Dataset content
= Beginning of Section =

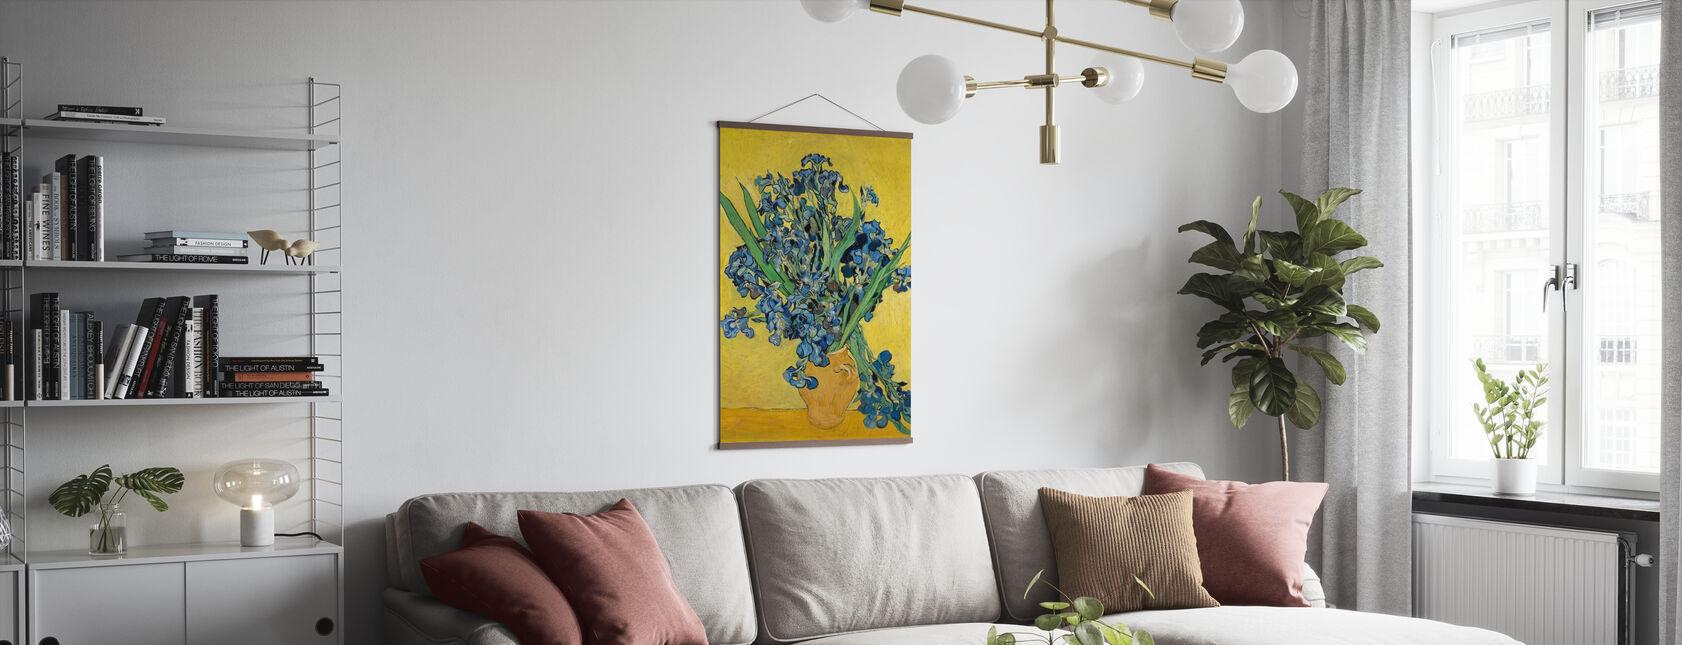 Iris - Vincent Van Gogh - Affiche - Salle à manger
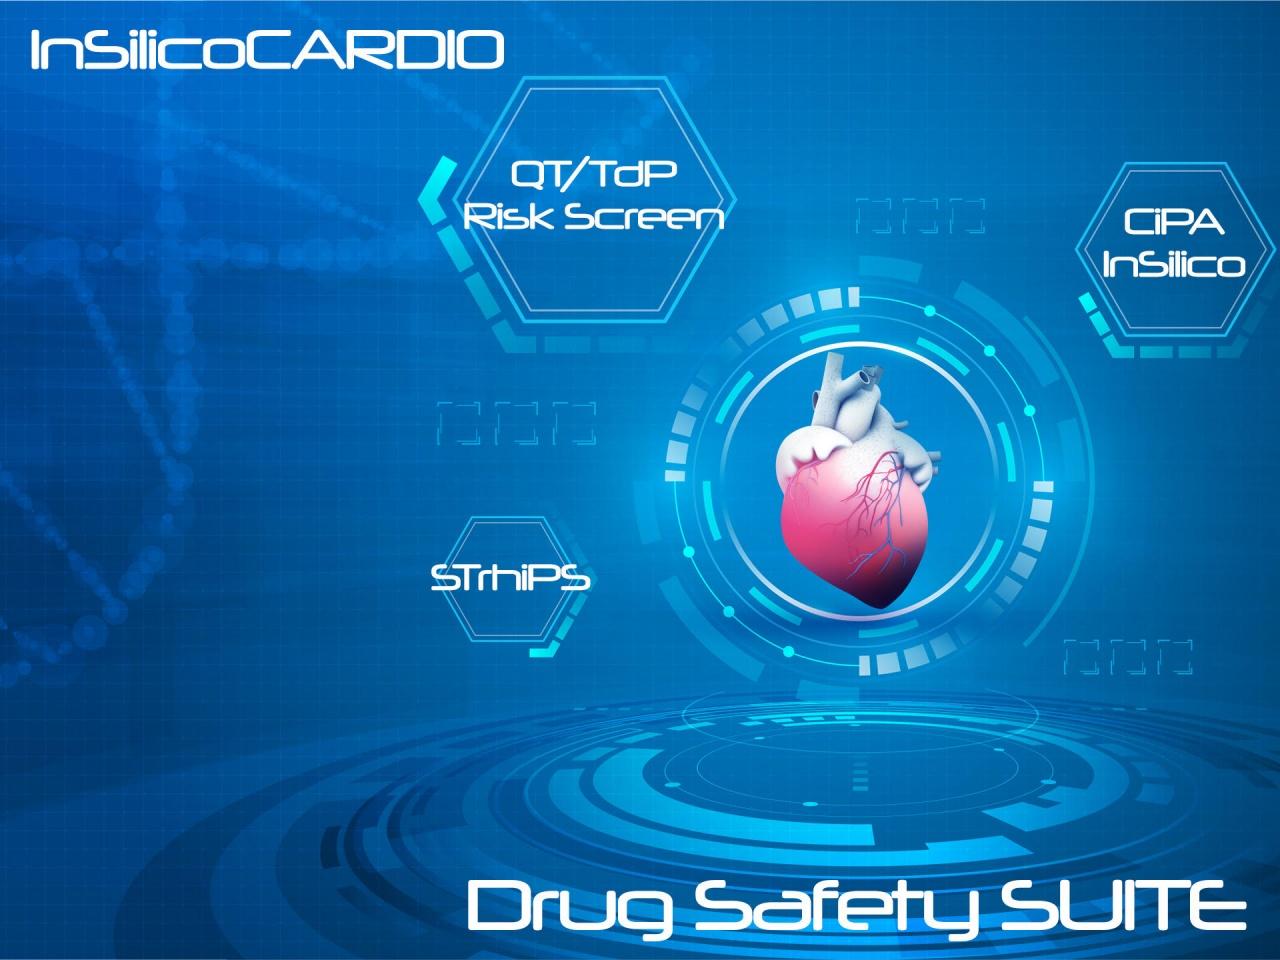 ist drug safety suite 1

= End of Section =
= Beginning of Section =

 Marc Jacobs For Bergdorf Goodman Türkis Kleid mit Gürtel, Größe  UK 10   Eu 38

= End of Section =

Task directions
Excerpt from the records above: set down only the lines from the one that contains "Iris - Vincent" through the one that contains "ist drug safety suite 1", inclusive, word for word. Pictures stay out.

Written answer
 Iris - Vincent Van Gogh - Affiche - Salle à manger
 ist drug safety suite 1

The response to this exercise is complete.